After that, anything is possible. He went on to coach a high school team in St. Louis, Hazelwood East. The team won a state championship on a Hail Mary pass. Jones moved on and became a college assistant, and a year later he got his first head coaching gig, in his home state of Missouri.

That's when things started to look impossible. Jones would never say that, of course. When you play football at the highest level, when you stop a lunging receiver at the 1-yard line and a give a city its first Super Bowl championship, you are not programmed to fail.

Jones, 43, is the head coach at Lincoln University in Jefferson City, Mo.
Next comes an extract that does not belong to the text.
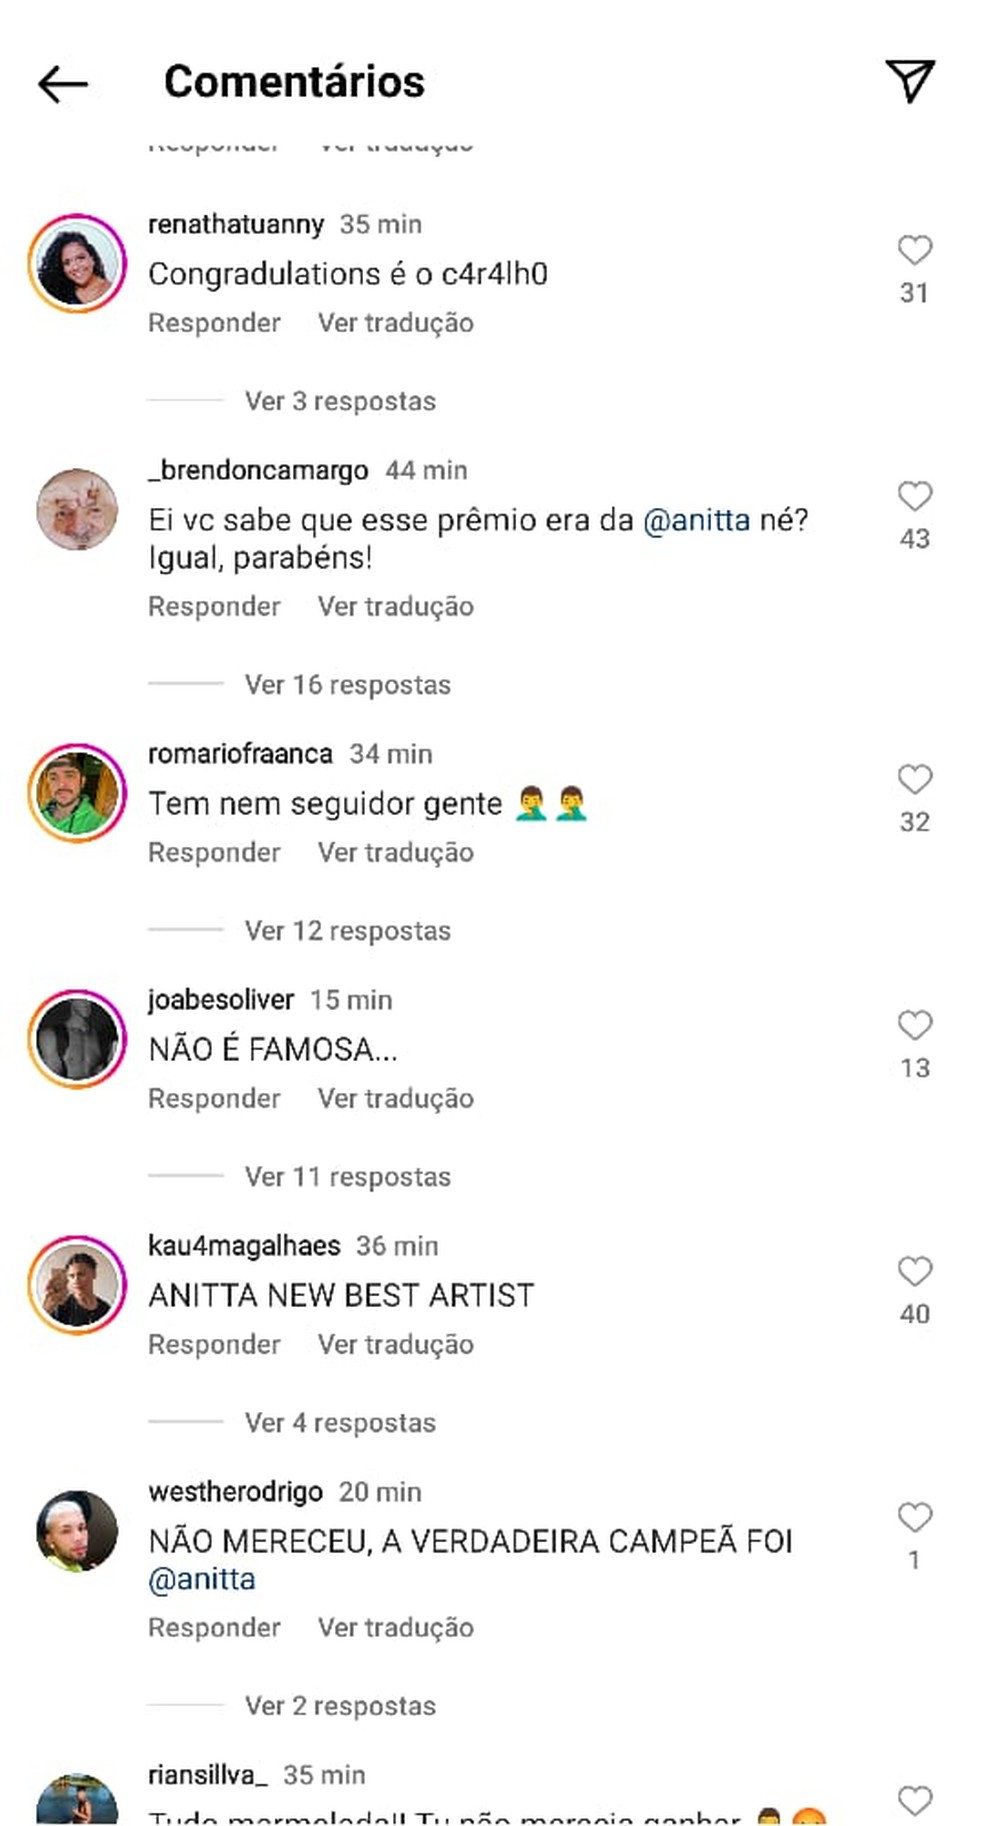 Fãs de Anitta invadem perfil de Samara Joy para fazer comentários negativos — Foto: Reprodução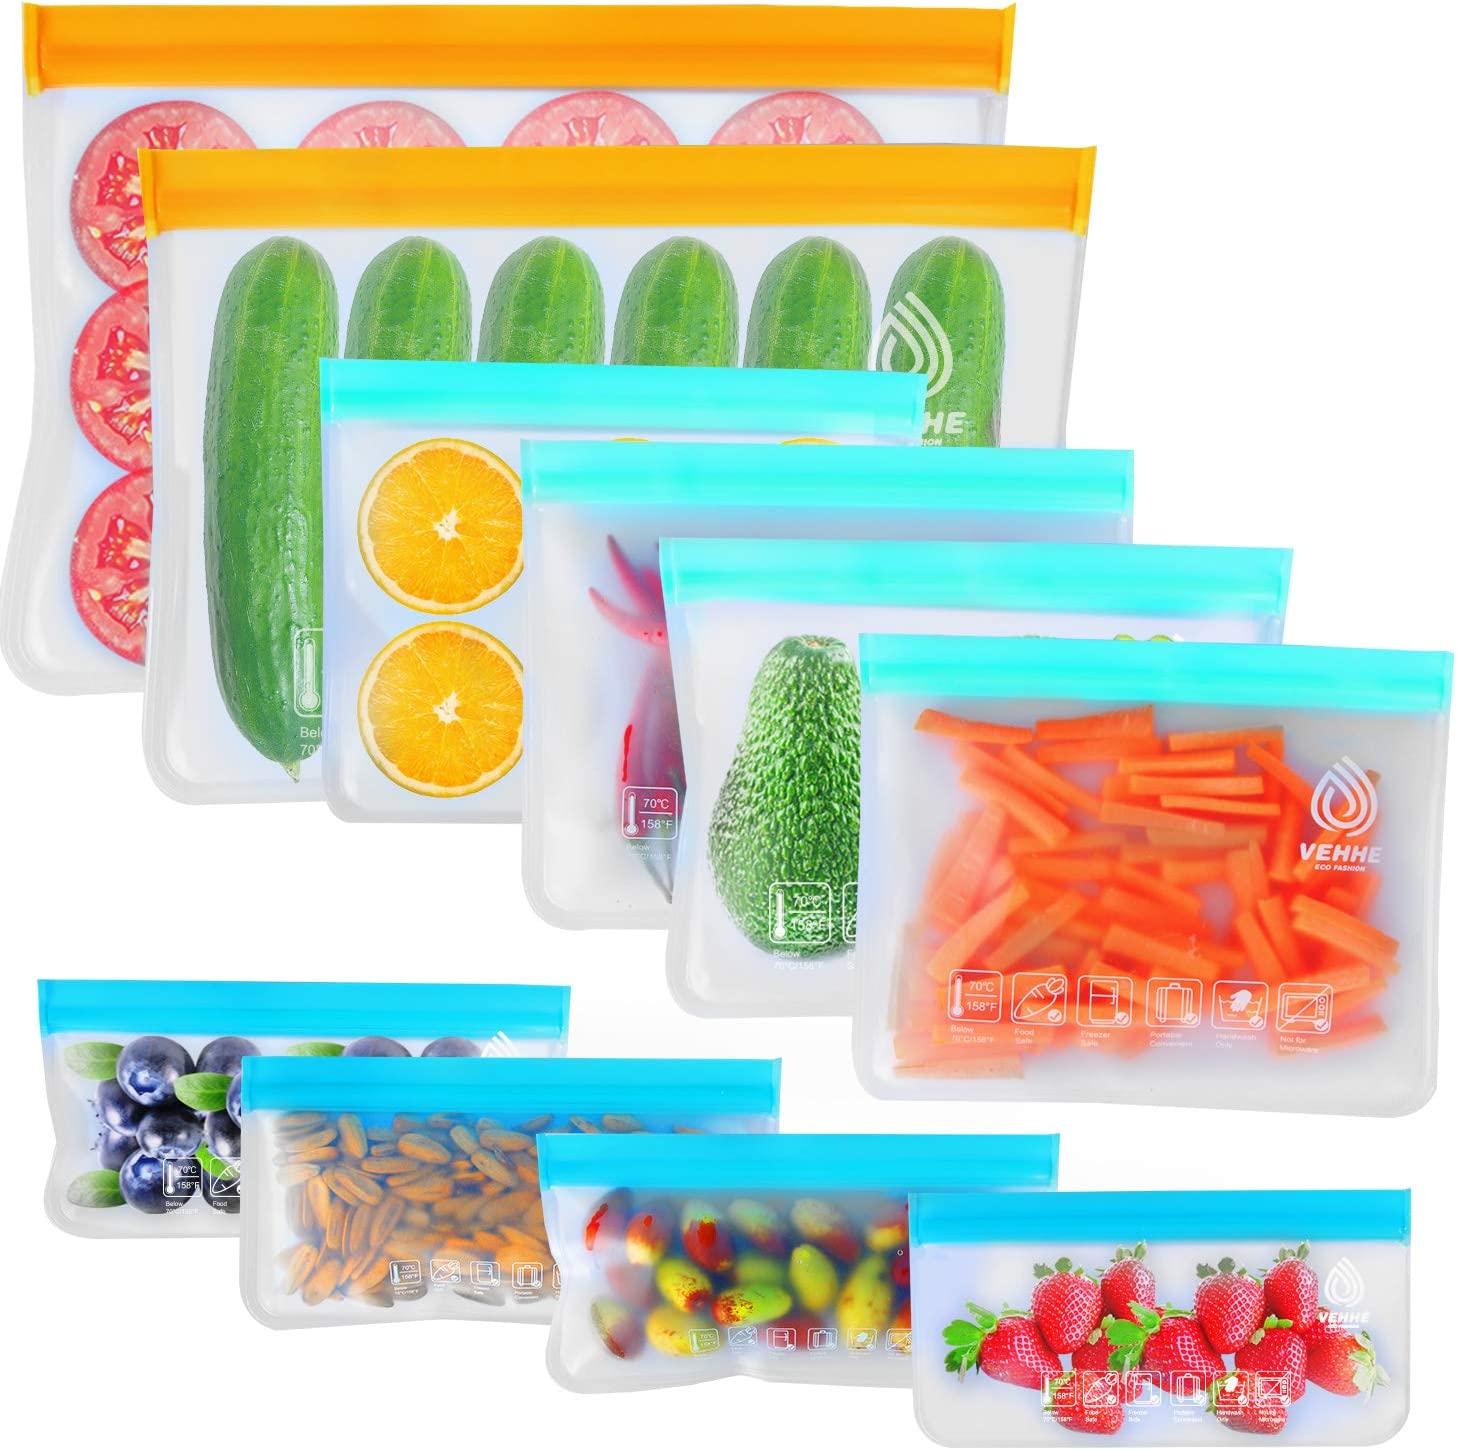 VEHHE Leak Resistant Silicone Food Storage Bags, 10-Pack

In November, his team wrapped up a season that yielded just one victory. It wasn't all that much of a surprise; Lincoln hasn't had a winning campaign in four decades, suspended its program in the 1990s, and plays in a conference that is known as the SEC of Division II. When Jones arrived on campus, he took a tour of the weight room, which is in the ROTC building. The room used to be a gun range.

After a 12-year NFL career, Mike Jones rose from high school coaching to the college level.

"The weight room had equipment in there that was over 40 years old," Jones said. "It was older than me."

Jones did what he always does. He quietly went to work. He gathered his new players and staff, and they helped pour concrete and grabbed some paintbrushes. In February, Lincoln had a ribbon cutting for a new, state-of-the-art weight room. In the ceremony, Jones tried to drift in the background.

But Jones knows that if Lincoln is going to change history, his history will be a big part of it. Jones needs to win some in-state recruiting battles, and it doesn't matter if the kids he's talking to were barely in preschool in 2000, when he won his ring.

"I use that a lot," said Lincoln running backs coach Tony Van Zant, who played with Jones at Missouri. "I tell them about his Super Bowl. Those kids, they like that they get a chance to be coached by someone who's played in the Super Bowl.

"Anywhere we go, people want his autograph."

That wasn't necessarily the case before Jan. 30, 2000. Jones was on a Rams team famously known for its offense, called "The Greatest Show on Turf." But defense became the story that night.

Jones has presumably told the story of "The Tackle" at least a thousand times. First-and-goal at the 10-yard line, six seconds to go, final play of the game, the Rams' 23-16 lead over the Tennessee Titans on the line. There are not a whole bunch of profound thoughts that go through a man's head in that position, Jones says, even with millions watching around the world, and one man - you - between Kevin Dyson and the goal line.

Kevin Dyson caught a pass in stride at the Rams' 3-yard line on the final play of Super Bowl XXXIV, but Jones wrapped up Dyson and left him reaching in vain for pay dirt.

The Rams' defense was gassed that night. Jones played every defensive snap and was running around on a bad ankle. Titans quarterback Steve McNair was determined, Jones said. McNair had rallied his team from a 16-0 deficit, and three plays turned into four and into five. "He was not going to be denied," Jones said. On the last play of the game, Frank Wycheck ran straight up the field, drawing Jones, and the plan was for McNair to hit an open Dyson near the goal line. He was open, but Jones switched direction.

Jones wrapped him up, and Dyson's knee hit the ground at the 1-yard line. Dyson stretched his arm out with the ball, but it was over. It gave coach Dick Vermeil, who was miked up for NFL Films, his first Super Bowl title. As Jones made the tackle, he said, "Didn't make it. Didn't make it. No, no. That's it. We won it. Woo-hoo!"

The play still accounts for one of the most dramatic endings in the history of the Super Bowl. But Jones, for his part, is subdued. He knows it helped him stay in the league longer in a career that lasted 12 years. He knows it will help him as he climbs this gigantic mountain at Lincoln.

But Jones said he never thought about what would happen that night if didn't make the tackle, and he hasn't since.

"If I didn't," he said, "I wouldn't be talking to you."